Now you can run the test:

  julia> using RandomMatrices, Test, GroupFunctions
julia> using Immanants
julia> mat = rand(Haar(2), 3)
julia> pt_1 = GTPattern([[2,1,0], [2,0],[1]],[1])
julia> pt_2 = GTPattern([[2,1,0], [1,1],[1]],[1])
julia> suma = group_function([2,1,0], pt_1, pt_1, mat)+ group_function([2,1,0], pt_2, pt_2, mat)
julia> @test suma ≈ immanant(Partition([2,1]), mat)
>true

## Legendre's test

First, you need to define a function that generates a $\mathrm{SU}(n)$ block

function bloquesun(tamano::Int64, pos::Int64, angulos::Tuple{Float64,Float64,Float64})
@assert pos < tamano && pos > 0

base = zeros(Complex{Float64}, tamano, tamano)
α,β,γ = angulos
base[pos,pos] = exp(-im*(α+γ))*cos(β/2)
base[pos,pos+1] = -exp(-im*(α-γ))*sin(β/2)
base[pos+1,pos] = exp(im*(α-γ))*sin(β/2)
base[pos+1,pos+1] = exp(im*(α+γ))*cos(β/2)
for i in 1:tamano
if i == pos || i == pos + 1
continue
end
base[i,i] = 1.0
end

return base
end

Now you can type the folling to verify the identity between $L=0$ states and a sum of Legendre polynomials:

  julia> using GroupFunctions, Test
julia> α1,β1,γ1 = rand(Float64,3)
julia> xx=bloquesun(3,1,(α1,β1,γ1))
julia> α2,β2 = rand(Float64,2)
julia> yy=bloquesun(3,2,(α2,β2,α2))
julia> α3,β3,γ3 = rand(Float64,3)
julia> zz=bloquesun(3,1,(α3,β3,γ3))

julia> uu = xx*yy*zz

julia> edo = GTPattern([[2,1,0],[1,1], [1]], [1])
julia> @test group_function([2,1,0],edo, edo, uu) ≈ (1/4)*(1+3*cos(β2))
>true

julia> edo = GTPattern([[4,2,0],[2,2], [2]], [2])
julia> @test group_function([4,2,0],edo, edo, uu) ≈ (1/3^2)*(1+3*cos(β2)+5*(1/2)*(3*cos(β2)^2 - 1))
>true

## Sum rules

Based on the content of Sum rules in multiphoton coincidence rates by David Amaro-Alcalá, Dylan Spivak and Hubert de Guise DOI.

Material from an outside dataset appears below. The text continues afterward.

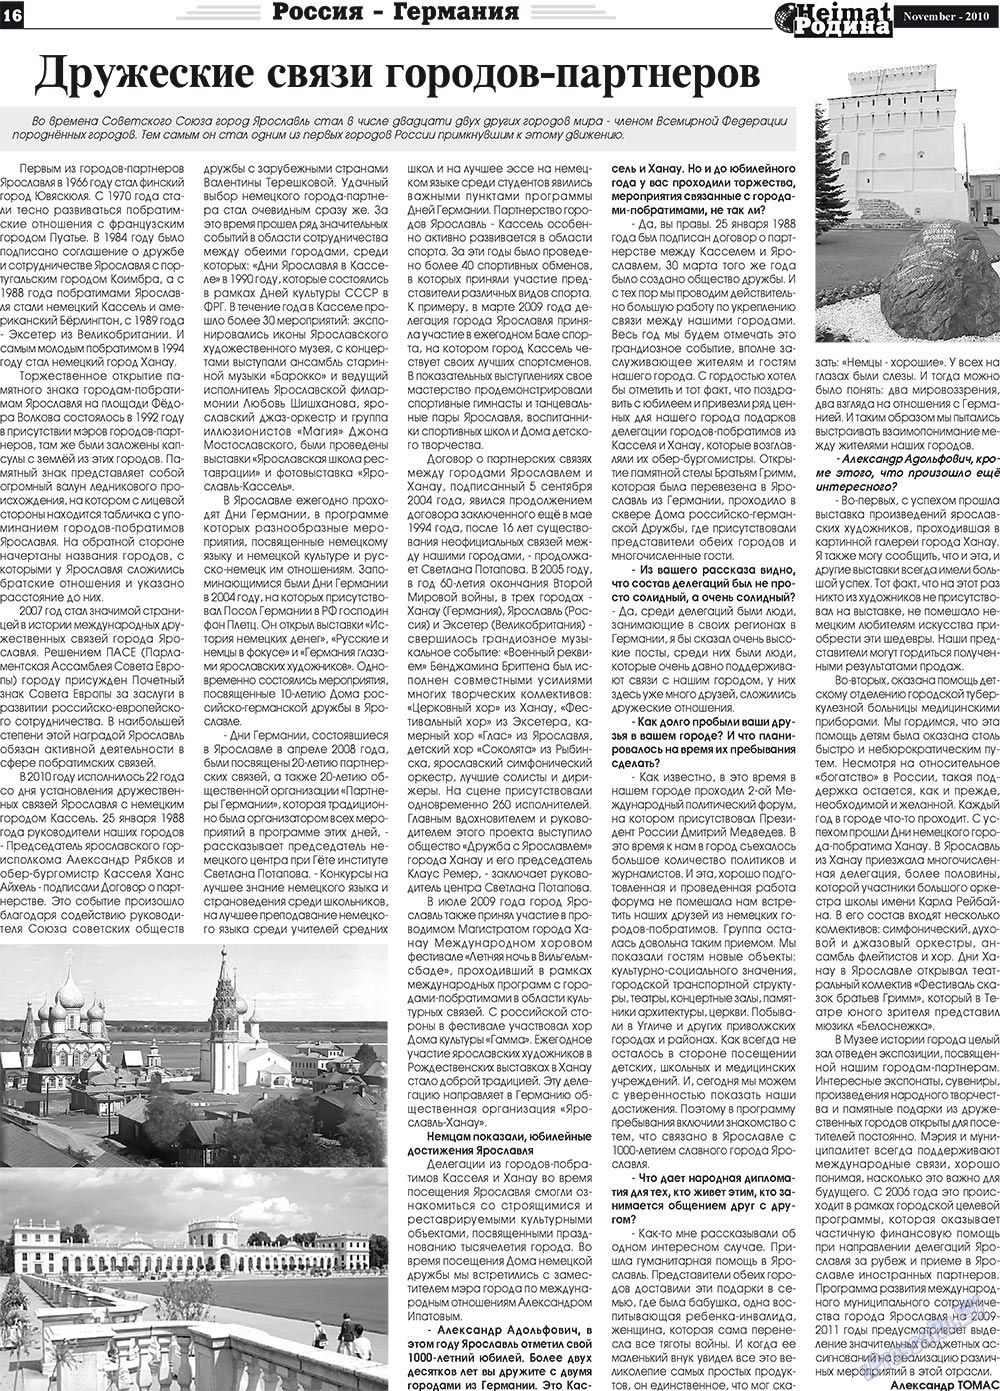 Heimat-Родина (газета). 2010 год, номер 11, стр. 16

First, we create the unitary matrix (bloquesun is defined above):

julia> α1,β1,γ1 = rand(Float64,3)
julia> xx=bloquesun(4,1,(α1,β1,γ1))
julia> α2,β2 = rand(Float64,2)
julia> yy=bloquesun(4,2,(α2,β2,α2))
julia> α3,β3,γ3 = rand(Float64,3)
julia> zz=bloquesun(4,1,(α3,β3,γ3))
julia> α4,β4 = rand(Float64,3)
julia> xx2=bloquesun(4,3,(α4,β4,α4))
julia> α5,β5 = rand(Float64,2)
julia> yy2=bloquesun(4,2,(α5,β5,α5))
julia> α6,β6,γ6 = rand(Float64,3)
julia> zz2=bloquesun(4,1,(α6,β6,γ6))

Then, we compute irrep states:

julia> welcome = basis_states([3,0,0,0])

Now, we filter the states with first occupation number equals 1

julia> filteredstates = filter(x -> pweight(x)[1] == 1, welcome)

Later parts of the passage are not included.